The next domain I used was a collaborative version of solving the Towers of Hanoi. I wanted to investigate the same phenomenon in a more goal-driven task. The weird thing here is that the robot might be better at the mental problem of solving the task, but the human is just so much faster than the robot at manipulation actions. When the robot interrupts its manipulation all the time, it can't really help out. It's difficult to strike a good balance in the collaboration without more transparency about what the human and robot are thinking. These results were published in the inaugural issue of the Journal of HRI.
Task Learning from DemonstrationThe roots of this project came from Andrea's work on task learning with Leonardo at MIT, which focused very much on discrete states. The next question we had was, how do enable the same types of generalizations but also encapsulate values on continuous manifolds, like locations, rotations, or sizes of objects?
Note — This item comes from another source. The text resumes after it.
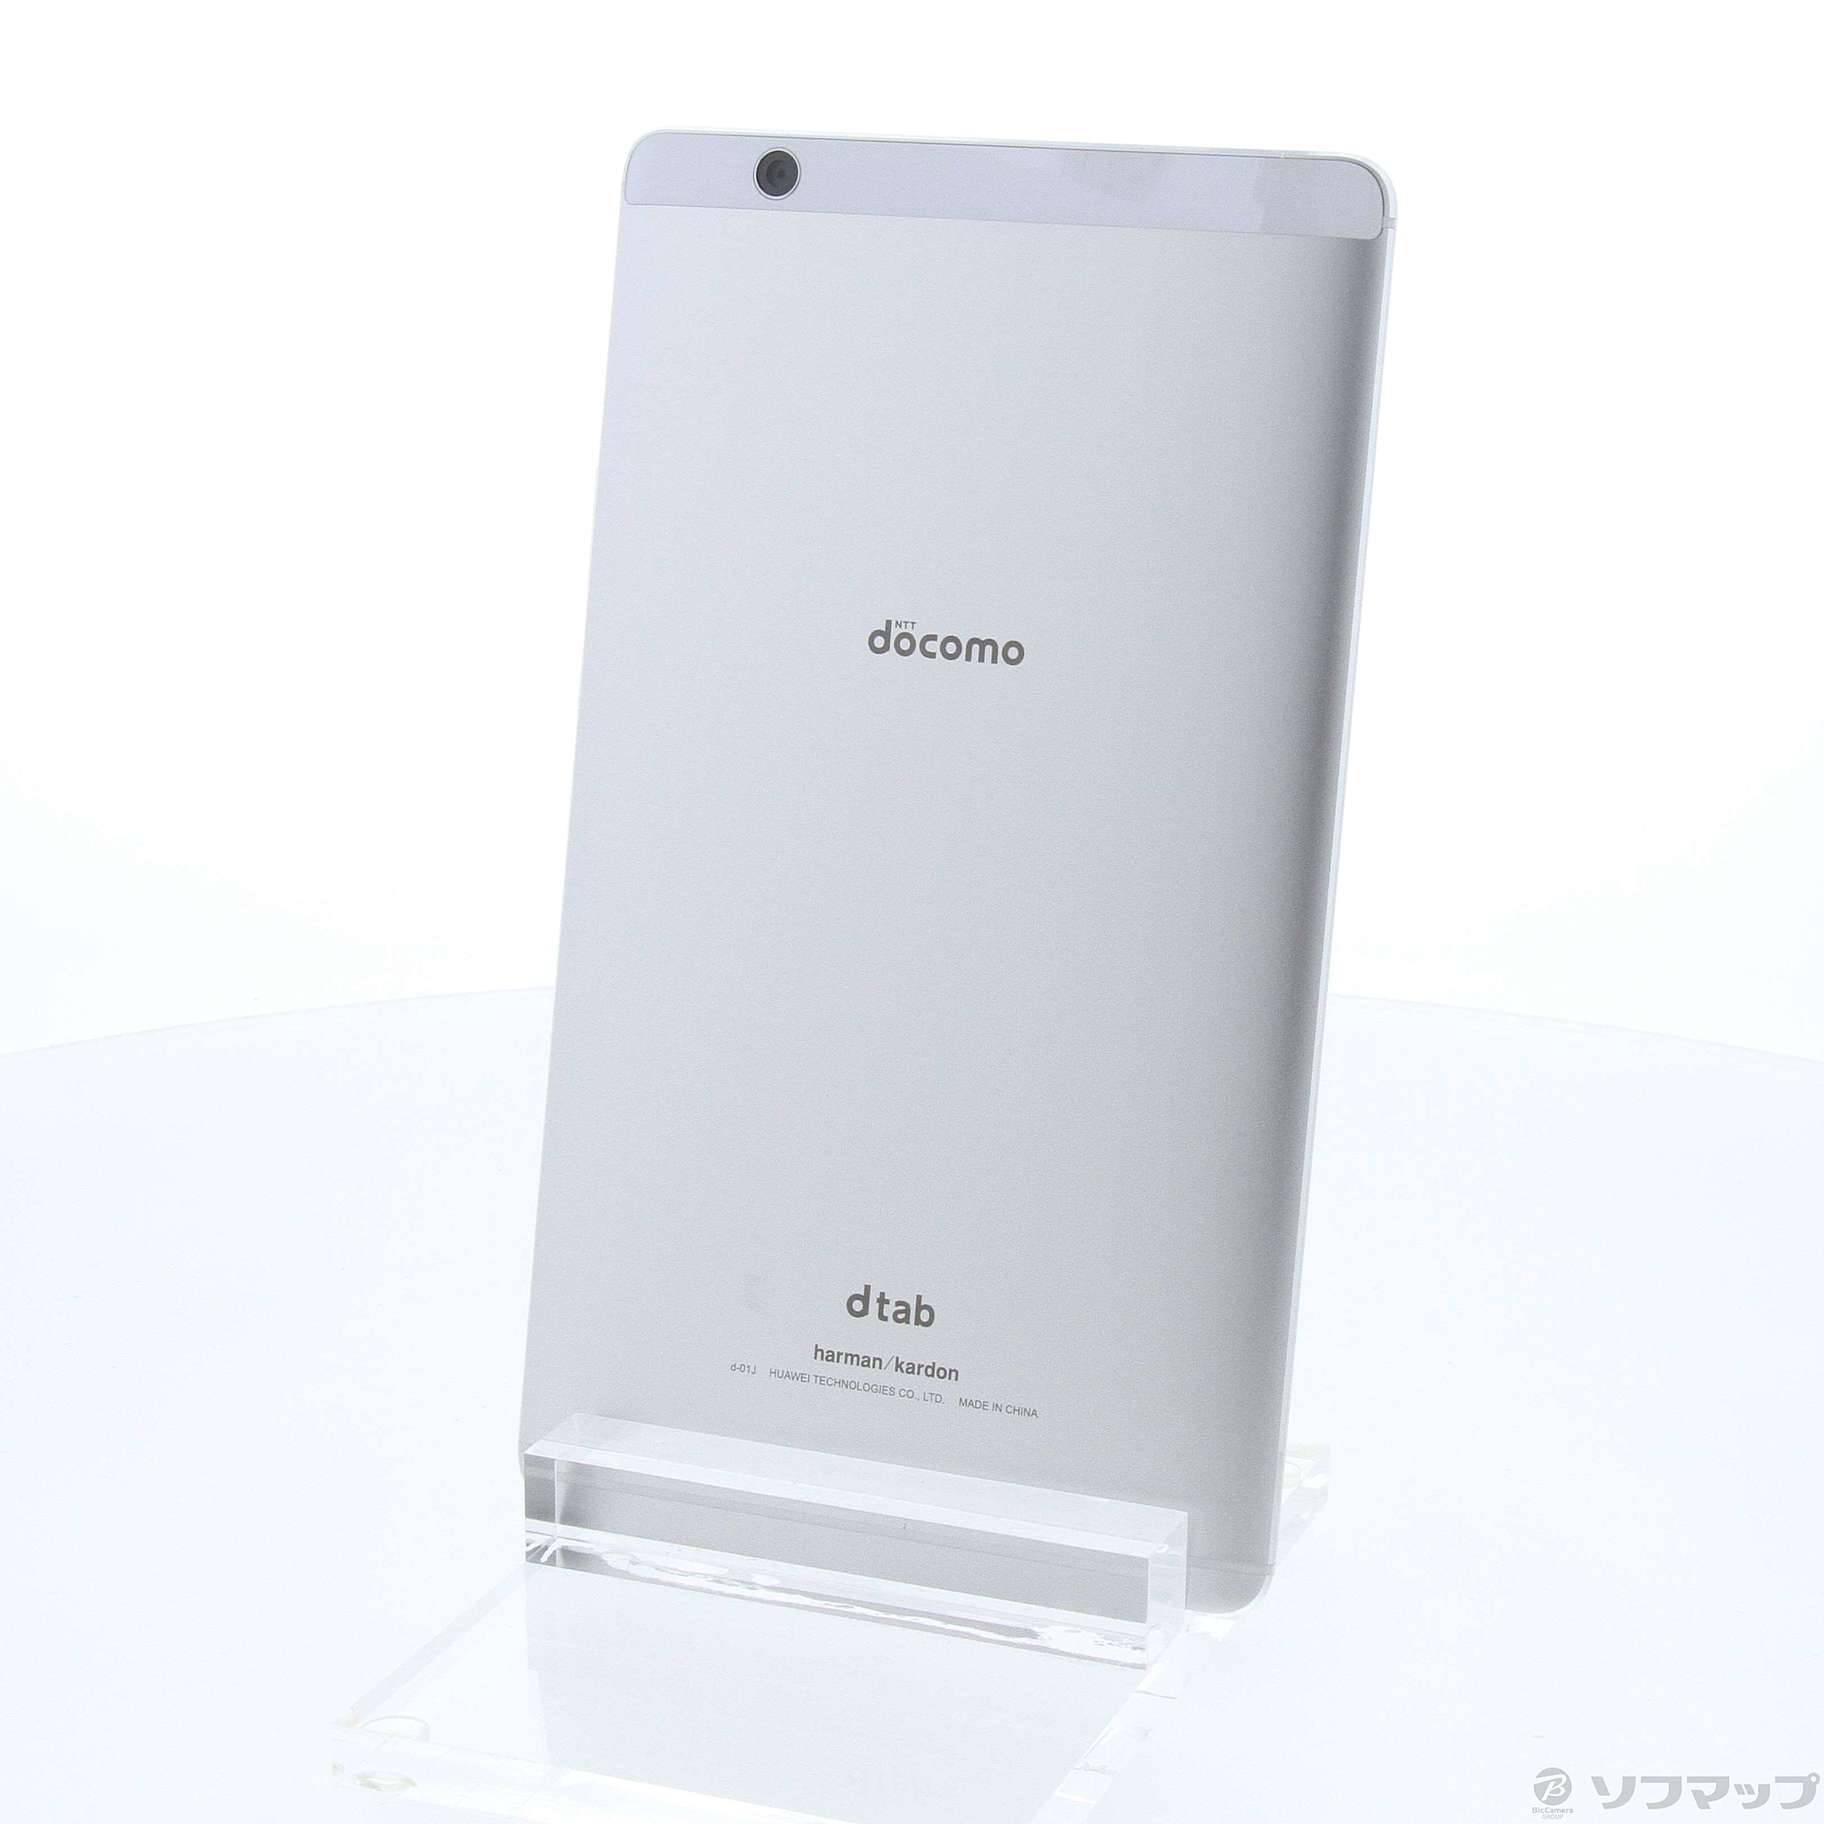 Huawei dtab Compact d-01J Silver

I came up with the idea for this framework while learning about categorization in a cognitive psychology course taught by Professor Eric Schumacher. The idea is that all sensory inputs are intrinsically continuous-valued, but they can be clustered into discrete concepts for higher-level reasoning. The basis for a meaningful clustering from sparse data is through demonstrations from an end user while achieving a task goal. The interaction structures the segmentation. I worked with Maya Cakmak on the implementation and evaluation of this learning framework, and we published the work in ICDL 2011.
We also did a project wherein we spent a week working with Victor Ng-Thow-Hing at Honda Research Institute in Mountain View to port the framework to the Honda humanoid robot. Generalization across robots!
Embodied Active LearningFor this project, I collaborated with my labmate Maya Cakmak, who is now a Professor at the University of Washington. We had been reading machine learning literature on active learning at the time. I had a very simple idea, which was to have the robot act as an embodied active learner by using pointing gestures to select instances in the physical workspace to be labeled by the human. In one week before the paper deadline for HRI 2010, we devised a domain based on tangrams, I coded up the concept learning and active learning algorithms, Maya coded up the interaction control, and I ran a quick pilot study. The paper got in!
We conducted a more polished version of the user study in a follow-up journal article for TAMD, with four conditions across which the robot exhibited a spectrum of initiative in its behavior. The qualitative takeaway is, straight-up active learning on every turn is actually pretty annoying. People stop complying with the robot after a while of being spammed with so many questions. And it's not even theoretically better than an optimal teacher! Using my learning framework, Maya went on to show this analysis in a follow-up ICDL 2010 paper.